# [Supplied data]
*** Block opens ***

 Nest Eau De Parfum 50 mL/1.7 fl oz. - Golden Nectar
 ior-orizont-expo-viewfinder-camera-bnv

*** Block closes ***
*** Block opens ***

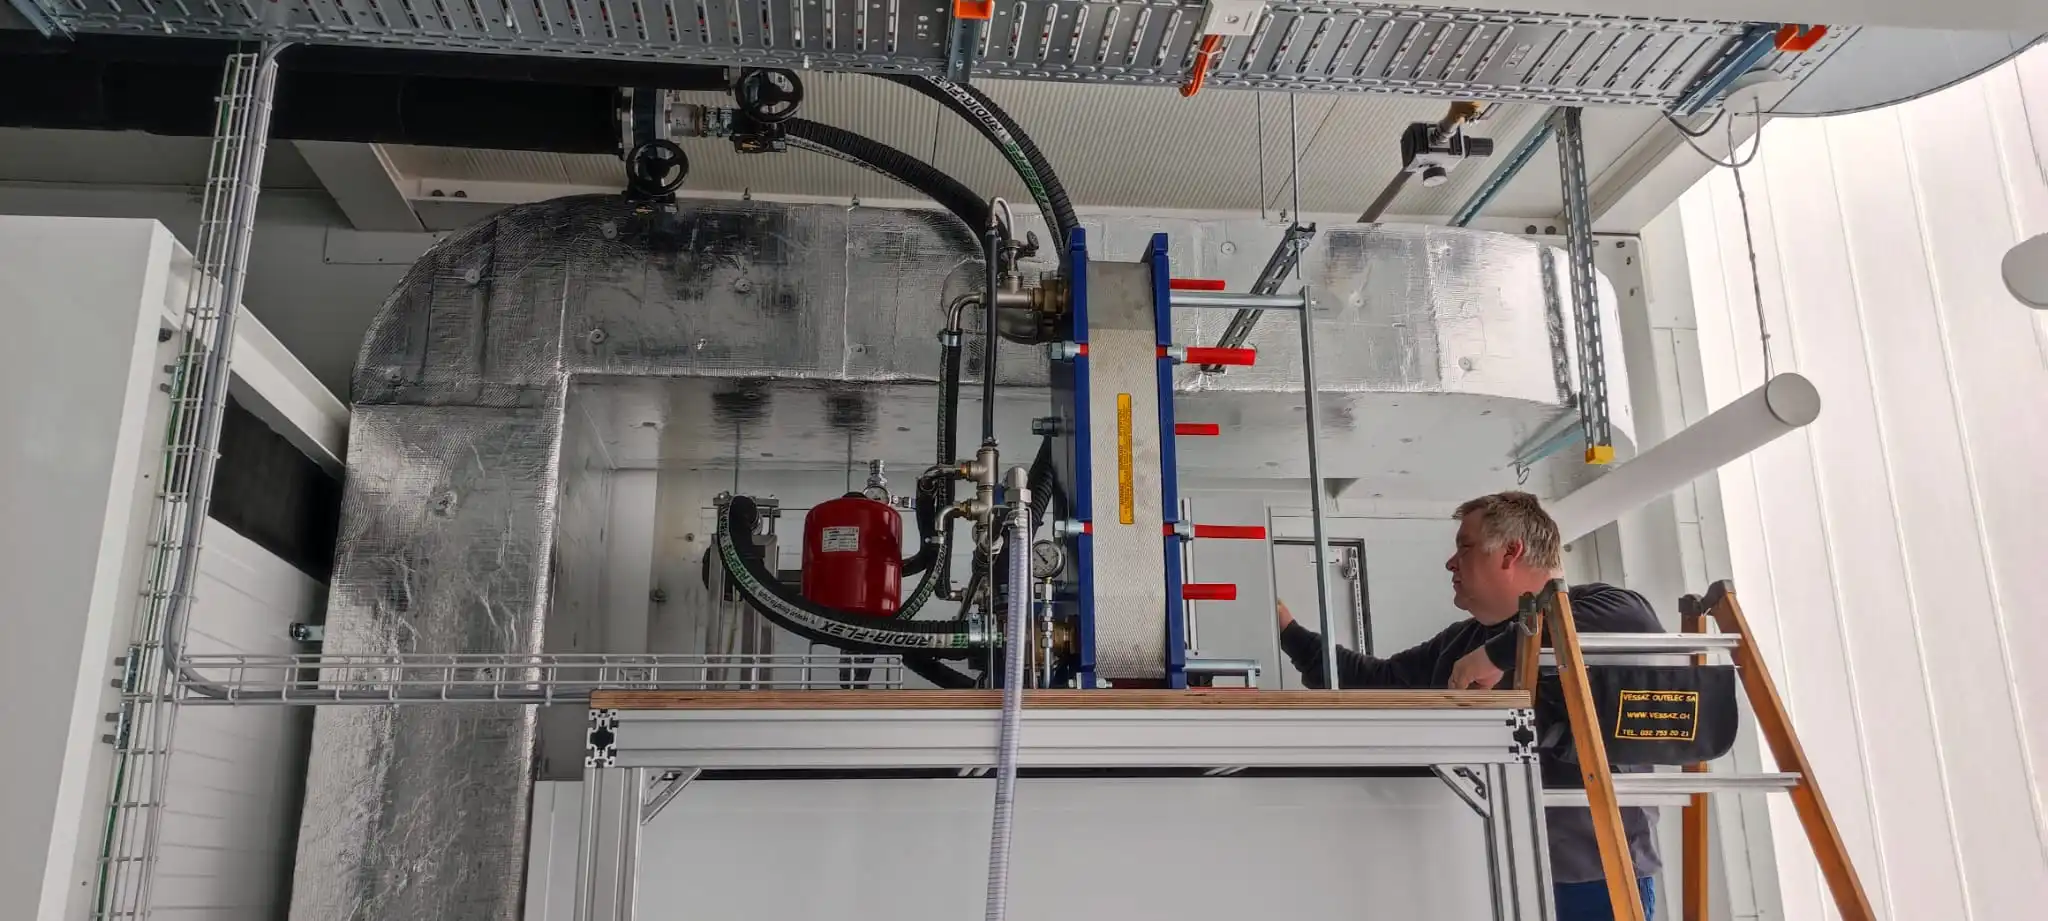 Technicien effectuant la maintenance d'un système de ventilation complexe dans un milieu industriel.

*** Block closes ***
*** Block opens ***

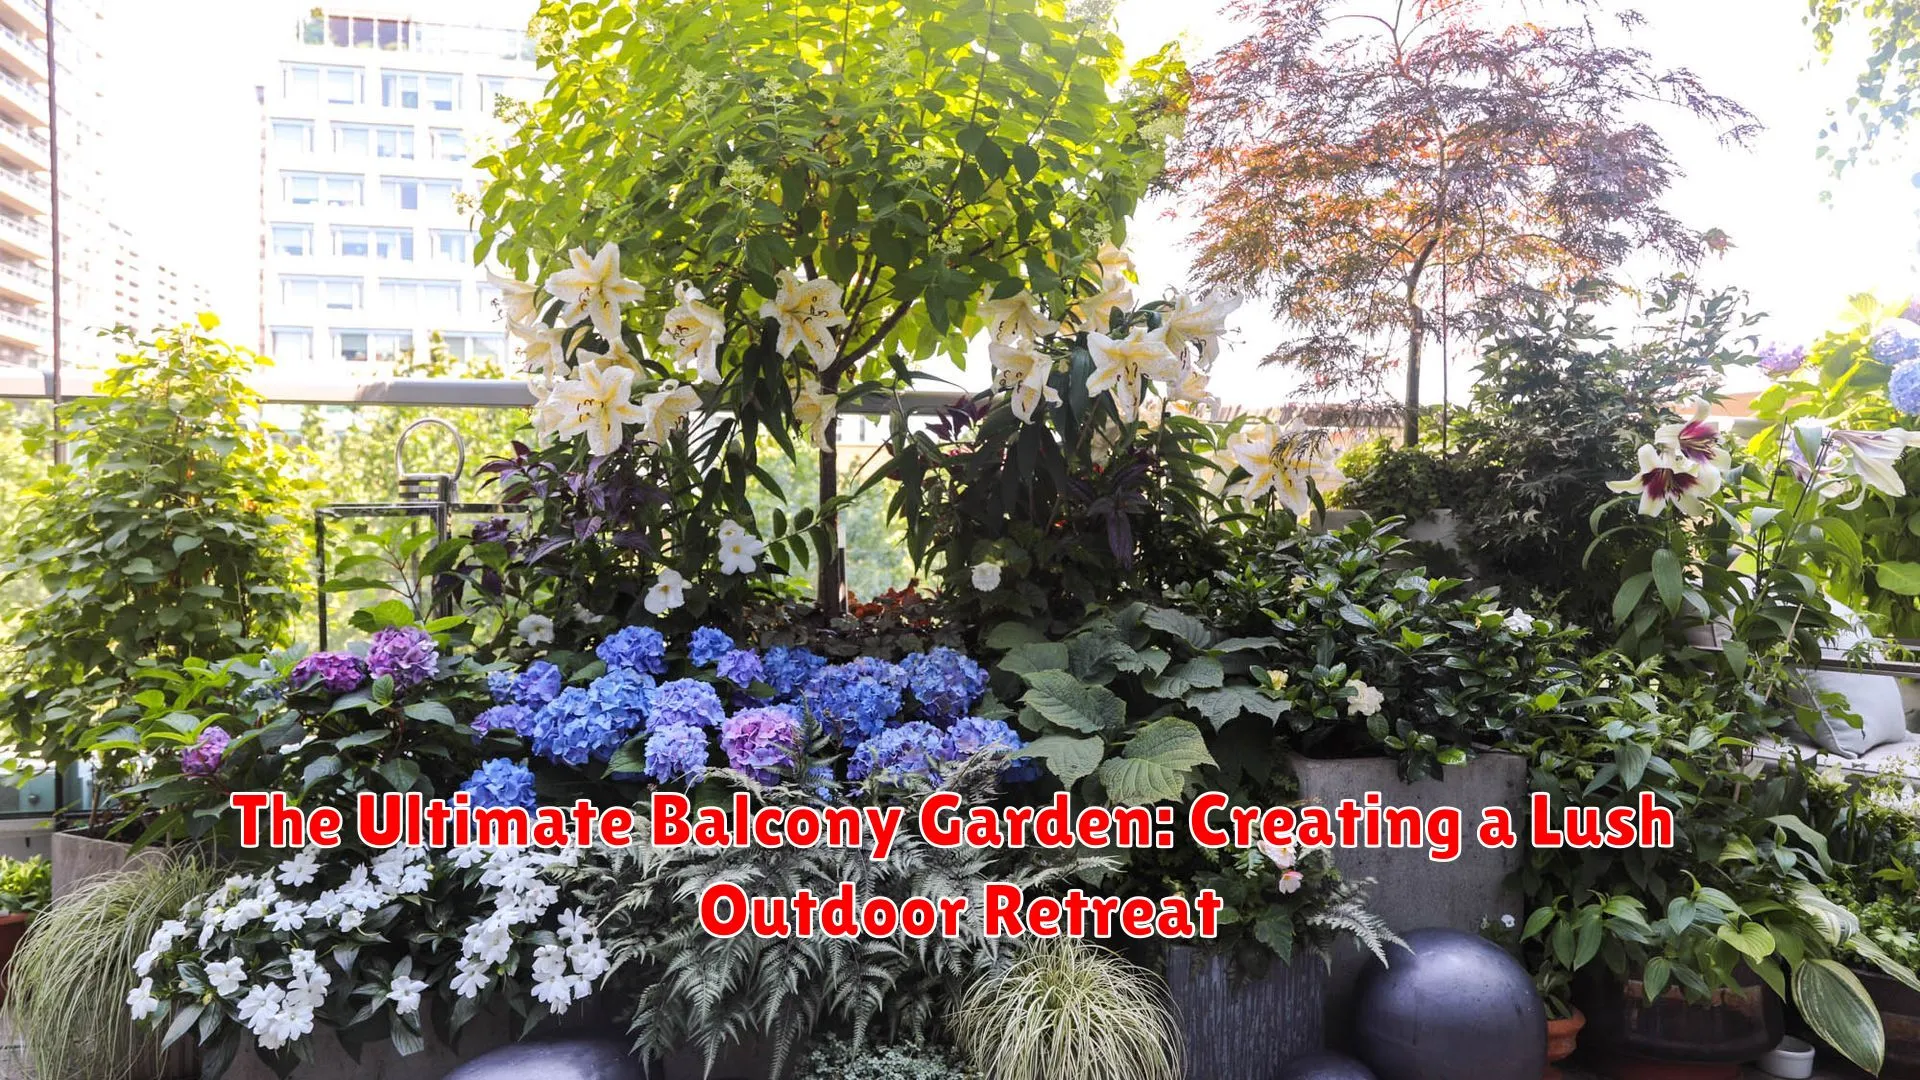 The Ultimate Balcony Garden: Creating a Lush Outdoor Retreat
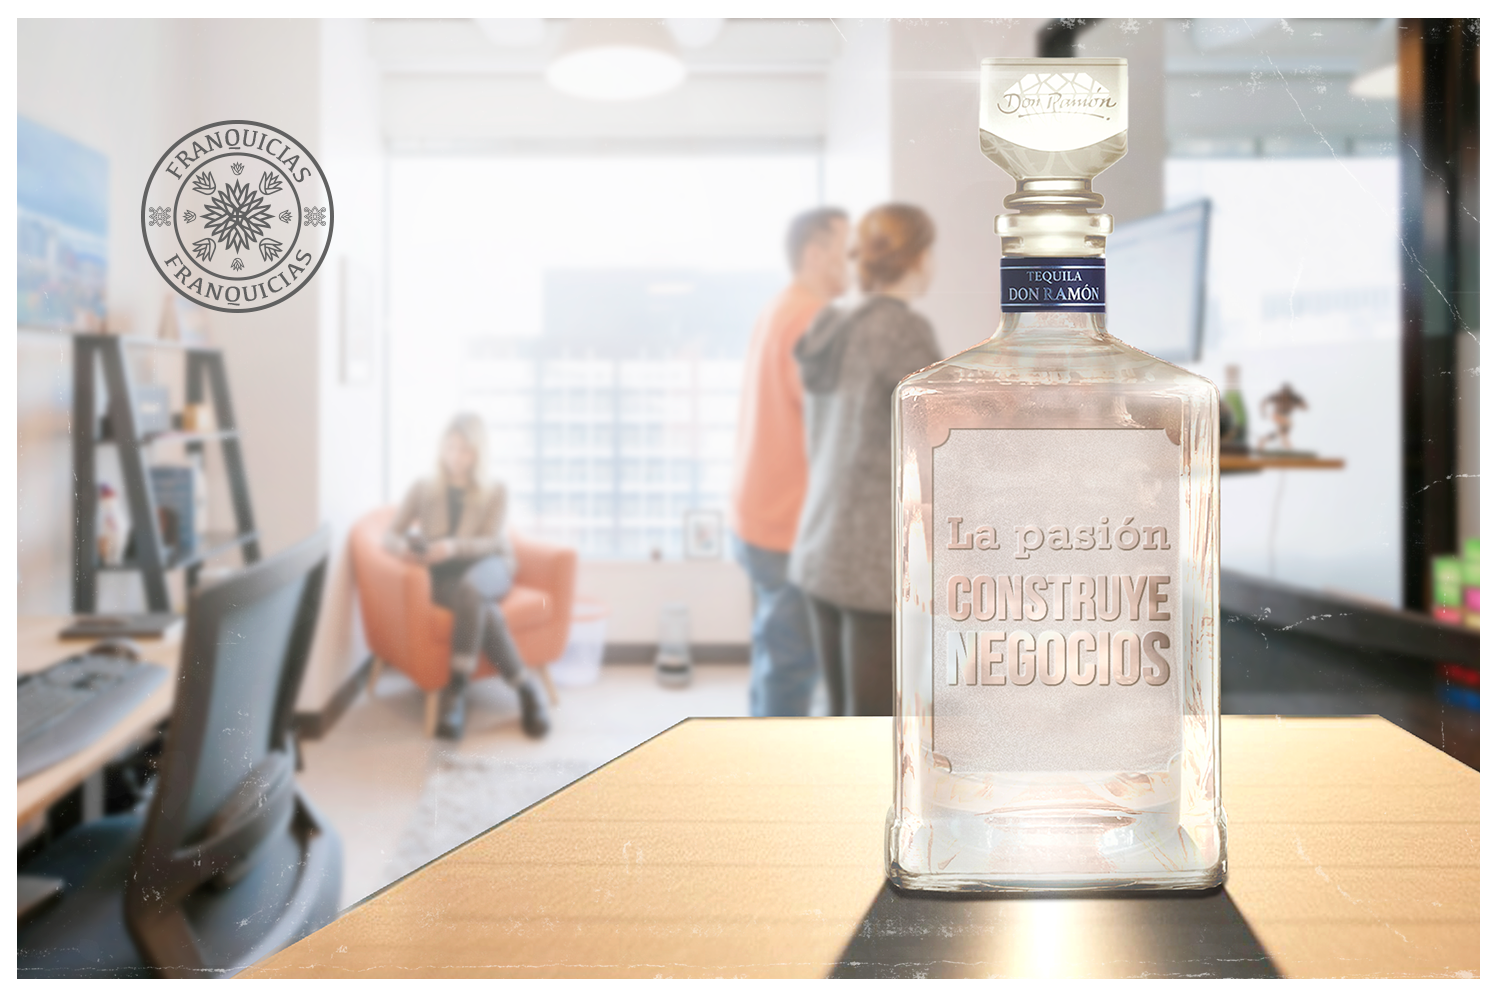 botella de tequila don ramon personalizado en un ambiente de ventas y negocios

*** Block closes ***

# [Work instructions]
Taking the entries above, restate exactly those lines that fall between the line with "Nest Eau De" and the line with "ior-orizont-expo-viewfinder-camera-bnv", keeping both of those lines too.

# [Exercise answer]
 Nest Eau De Parfum 50 mL/1.7 fl oz. - Golden Nectar
 ior-orizont-expo-viewfinder-camera-bnv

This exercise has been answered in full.